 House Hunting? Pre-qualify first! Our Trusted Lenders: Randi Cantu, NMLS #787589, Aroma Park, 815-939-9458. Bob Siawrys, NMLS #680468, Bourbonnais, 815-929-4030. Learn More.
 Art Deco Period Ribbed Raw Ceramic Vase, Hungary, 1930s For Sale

==

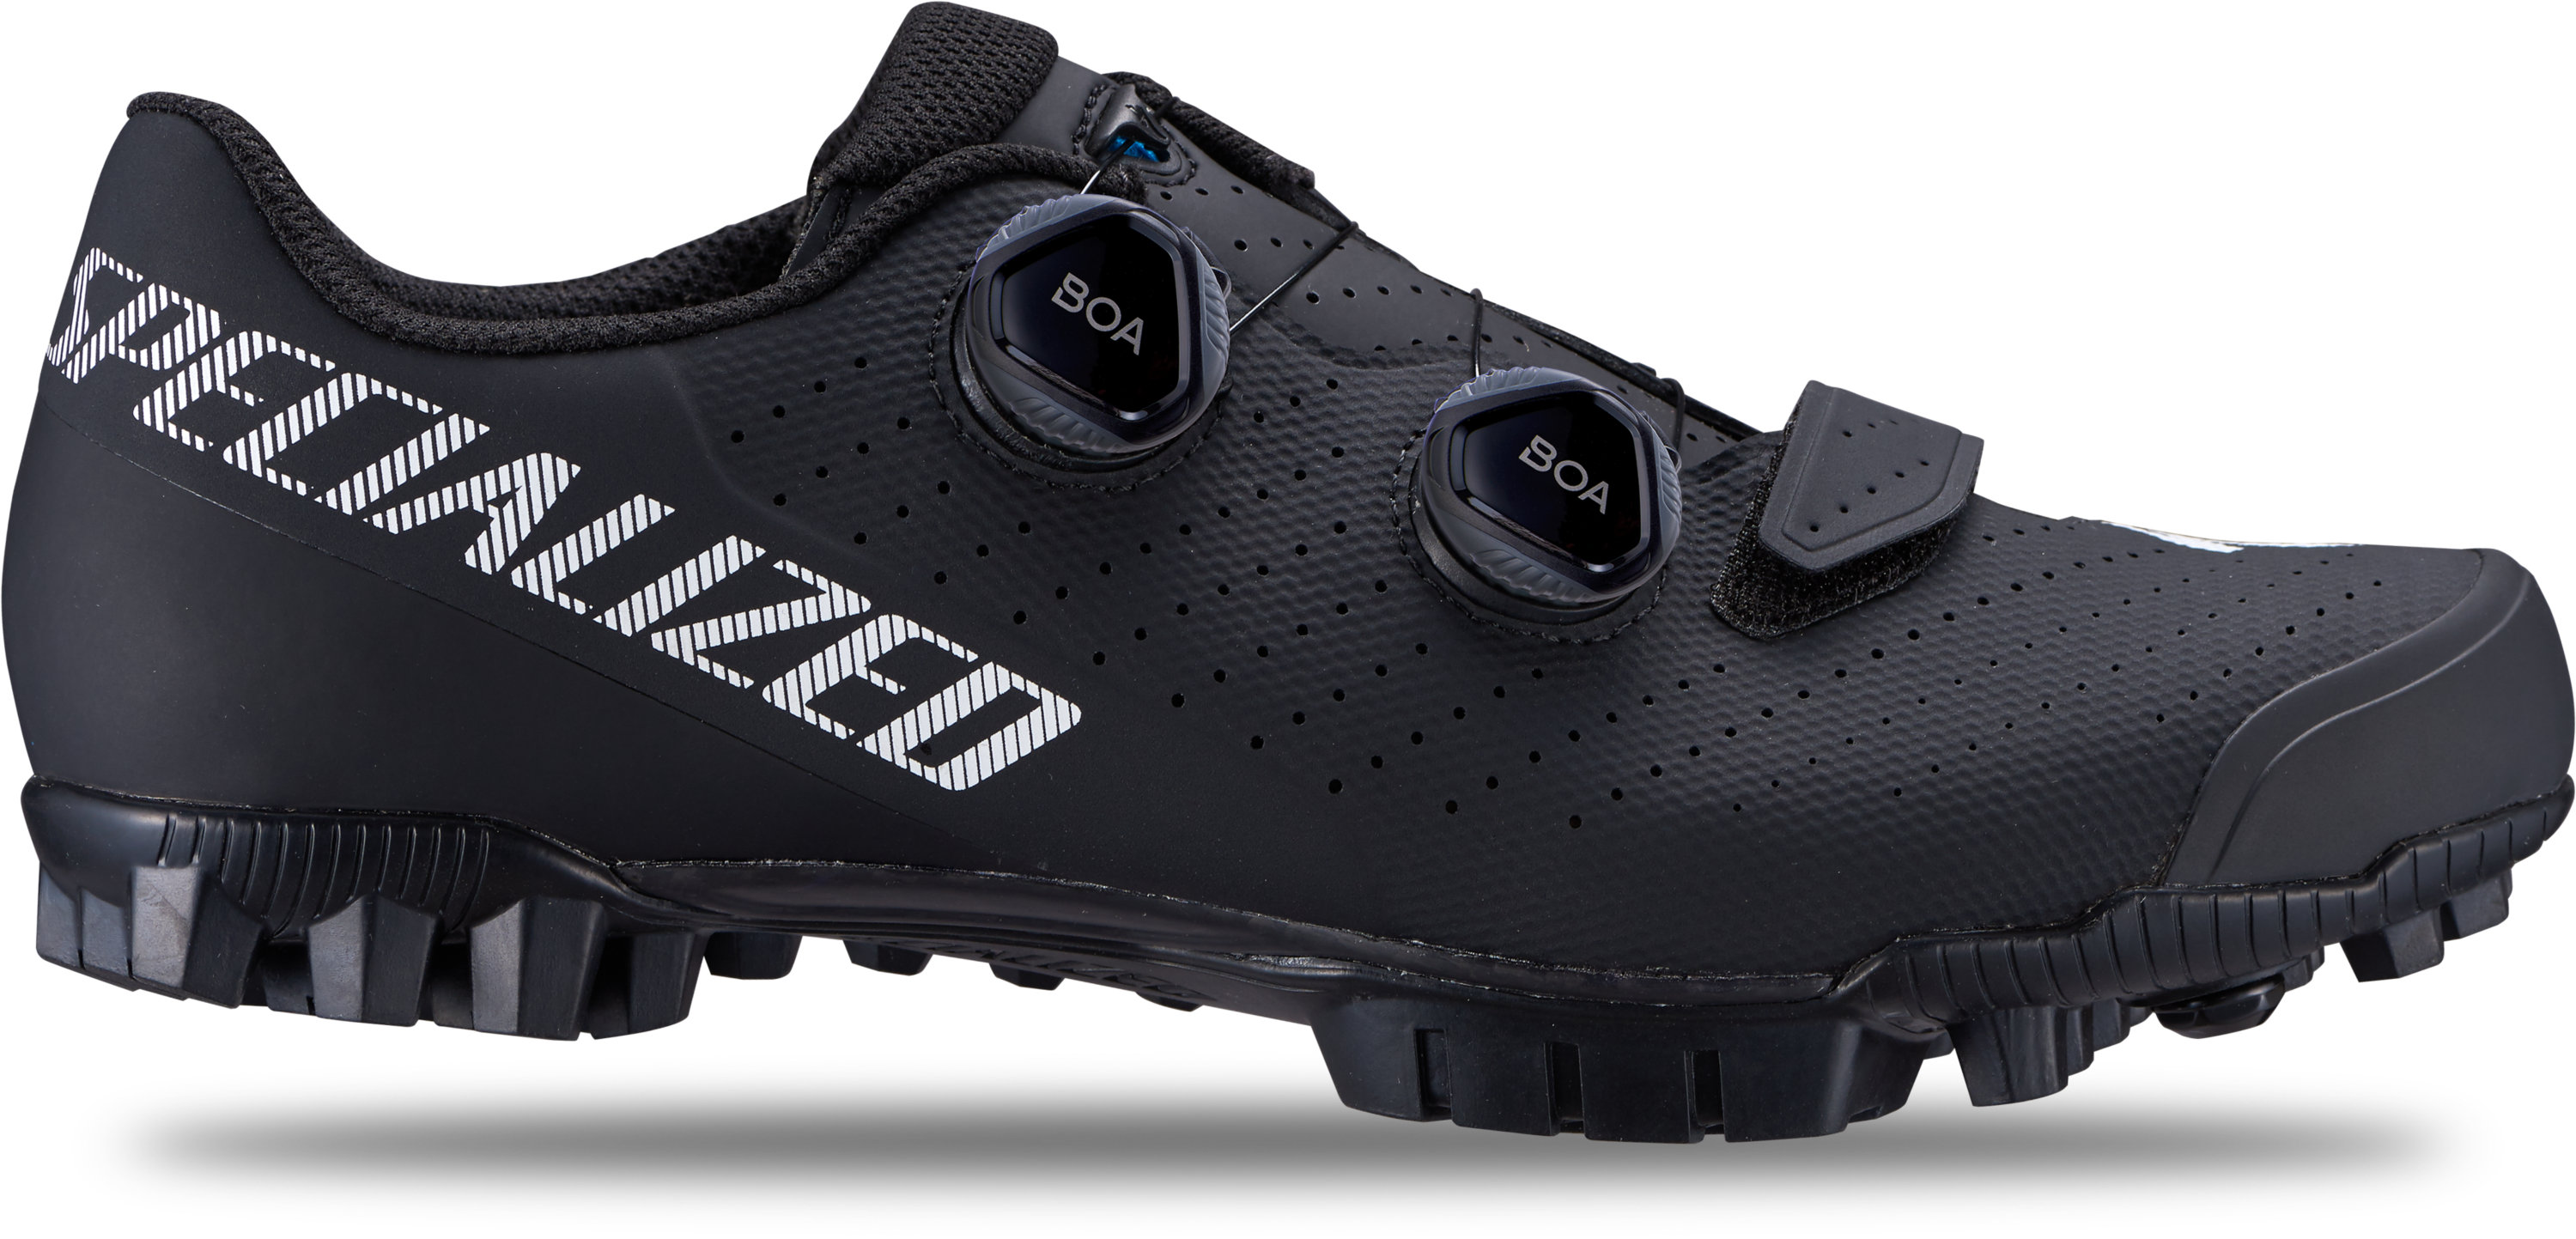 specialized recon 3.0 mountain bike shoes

# TASK DESCRIPTION
Could you set down, word for word, only the lines above from the line with "House Hunting? Pre-qualify" to the line with "Art Deco Period", including both?

# WRITTEN SOLUTION
 House Hunting? Pre-qualify first! Our Trusted Lenders: Randi Cantu, NMLS #787589, Aroma Park, 815-939-9458. Bob Siawrys, NMLS #680468, Bourbonnais, 815-929-4030. Learn More.
 Art Deco Period Ribbed Raw Ceramic Vase, Hungary, 1930s For Sale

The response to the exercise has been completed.